Payal Arora - From Moral Control to Digital Pleasure
Desire is often treated as something to be controlled or suppressed, especially in digital spaces shaped by surveillance and moral regulation. Yet across the Majority World, desire emerges as a vital force of resistance, care, and connection. From Iranian women claiming autonomy over self-expression, to queer communities in Uganda asserting the right to love, and people in Mexico reclaiming public spaces as sites of joy—digital desire challenges dominant regimes of control.
In this talk, Payal Arora argues for a reimagining of AI and digital platforms—one that takes pleasure, creativity, and care seriously. What would it mean to design technologies that honor desire as a source of dignity, freedom, and collective flourishing?
Payal Arora is Professor at Utrecht University and Founder of the Inclusive AI Lab. A leading digital anthropologist, she is the award-winning author of The Next Billion Users (Harvard University Press) and From Pessimism to Promise (MIT Press), and was named among the 100 Brilliant Women in AI Ethics. Her work has been featured in The Financial Times, Wired, and The Economist, and she advises organizations including UNHCR, Google, Spotify, and IDEO. Arora is a globally sought-after speaker and currently lives in Amsterdam.
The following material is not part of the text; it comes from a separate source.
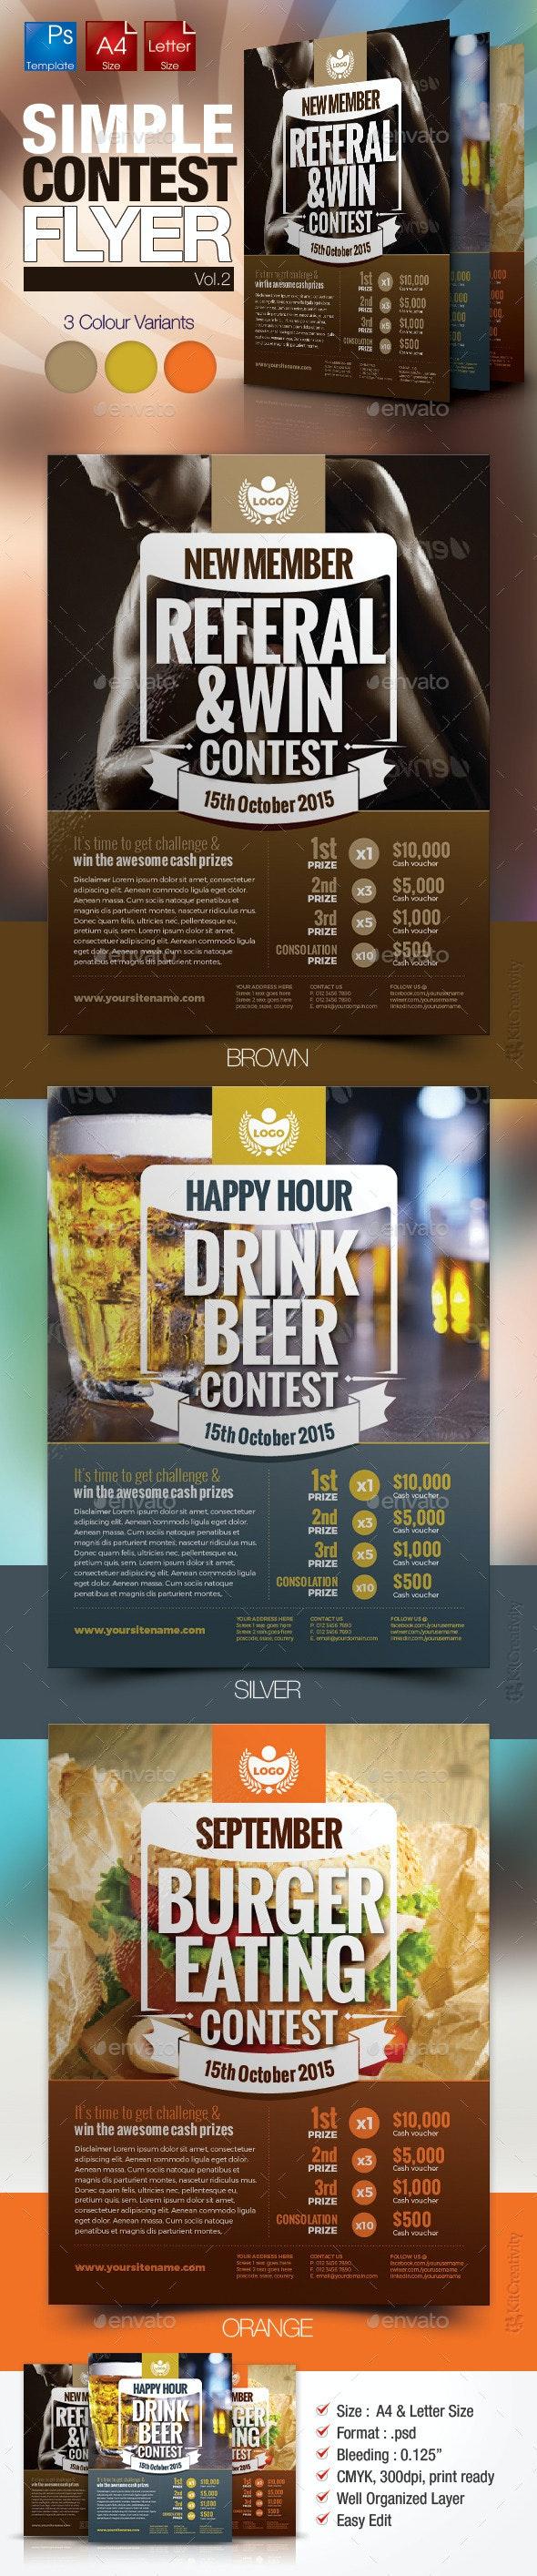 Simple Contest Flyer Vol.02 - Miscellaneous Events

George van Hal - The ‘Torment Nexus’ Effect
Silicon Valley visions of the future are increasingly shaped by dystopian imaginaries: space colonies, AI salvation, and survivalist bunkers for the happy few. Drawing on misunderstood science fiction, tech billionaires like Elon Musk often treat dystopia not as a warning, but as a roadmap — a phenomenon known as the ‘Torment Nexus’ effect.
In this talk, George van Hal examines how these narratives combine technological solutionism with anti-democratic ideology, and how they influence public debate, policy, and technological development. Importantly, he also explores how we can reclaim science fiction as a tool for critique rather than escape, and how alternative futures — grounded in democratic values, scientific realism, and collective responsibility — remain not only possible, but urgently necessary.
George van Hal is a science editor at the Dutch national newspaper de Volkskrant, where he writes on physics, space exploration, and science and technology policy. He co-authored a widely discussed series on the dystopian future visions of Silicon Valley billionaires and their disregard for democratic institutions. Van Hal is also the author of several non-fiction books, including two on the real science behind science fiction.